I shrugged. "yeah El, im fine"
I said. Although I tried to downplay my emotions my voice cracked on the word fine. That's when Elliot stood up and walked over. I tried to protest but he wrapped his arms tightly around me, cradling me against his strong chest, not saying a word. I have no idea how long we stood like that. When I finally untangled myself from his arms, I looked down, afraid of looking in his eyes.
"Liv" he said as he turned my face towards his. "Look at me."
I looked up, and he was close enough for me to count the colours in his eyes. I saw the dusting of freckles on his nose, and the fine lines around his eyes. My heart felt as if it stopped. I forgot to breathe.
He stroked my cheek with his thumb, his other hand caressing my neck. Before I could think, before I could do anything my eyes closed and I turned my lips toward his. He kissed my left cheek and then my right. He softly kissed each of my eyelids. He gently rubbed his thumb over my bottom lip. Just before I couldn't take it anymore he bent down and softly kissed my mouth. His lips were warm and soft and he tasted like peppermint. In that moment the world fell away from under my feet. I'm sure I would have drifted away if it weren't for his strong arms keeping me upright. What started as a soft kiss quickly became more. In this moment there was nothing between us anymore. I felt naked and vulnerable and hopeful at the same time. This time it was going to be different for me. I would give Elliot my heart and soul, trusting him not to break it.
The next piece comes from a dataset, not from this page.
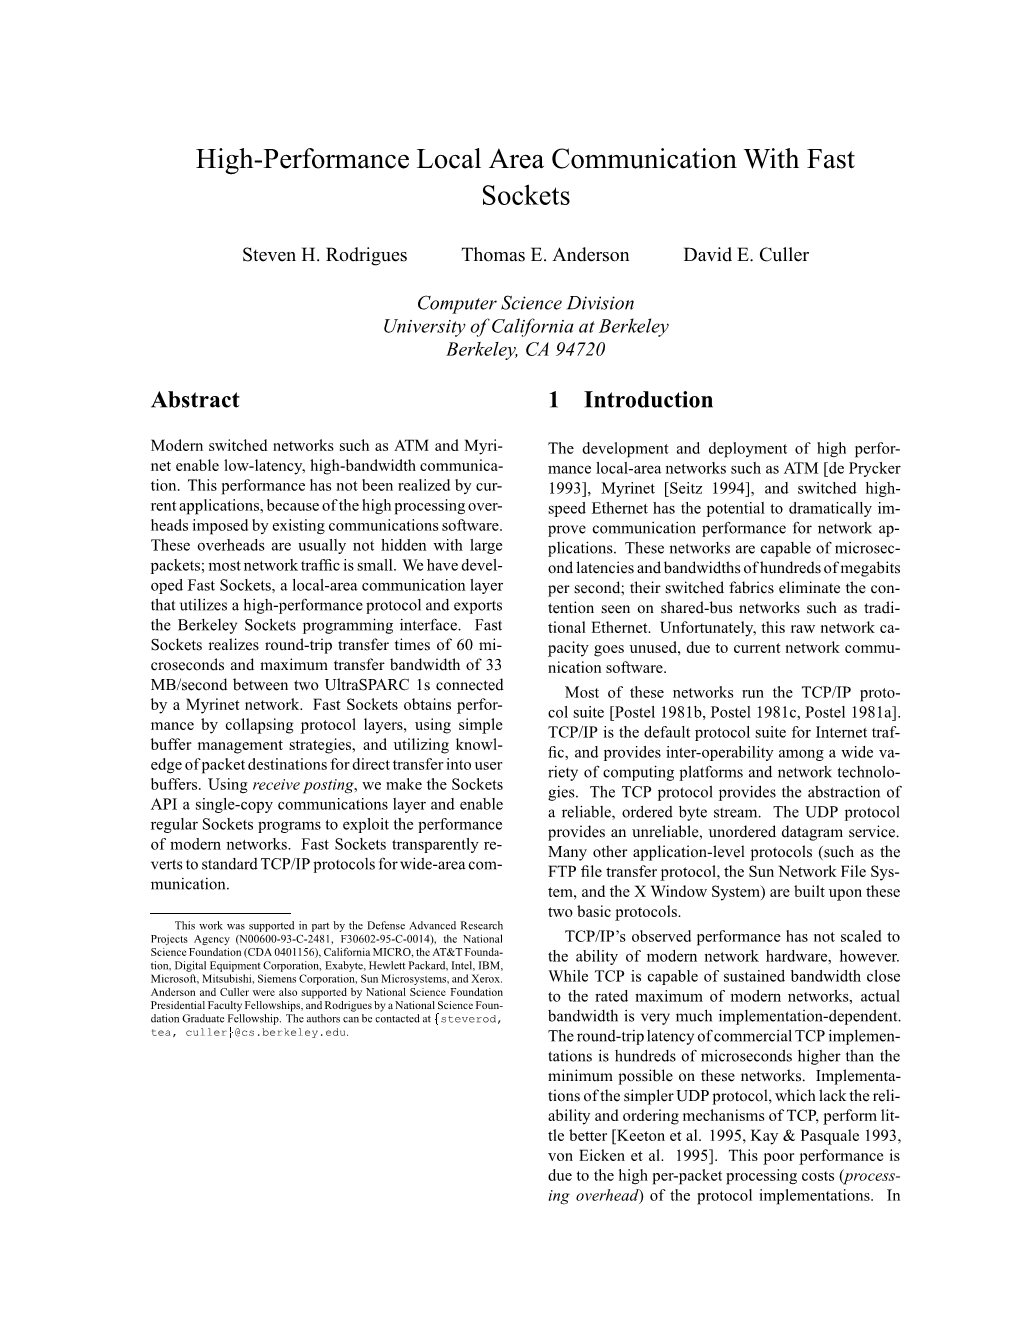 High-Performance Local Area Communication with Fast Sockets

This moment is the next" what if" in my mind? What if I never kissed him? If I never loved Elliot I might be whole right now, but if I never loved Elliot, I would have known nothing. I would not have known how his peppermint breath tastes in my mouth, how hot his breath feels against my cheeks. I would not have known gentle his rough hands can be on my skin.
From this moment we became inseparable. I transferred to homicide and El stayed at SVU...
What happens next? I will update soon! Please please review! :)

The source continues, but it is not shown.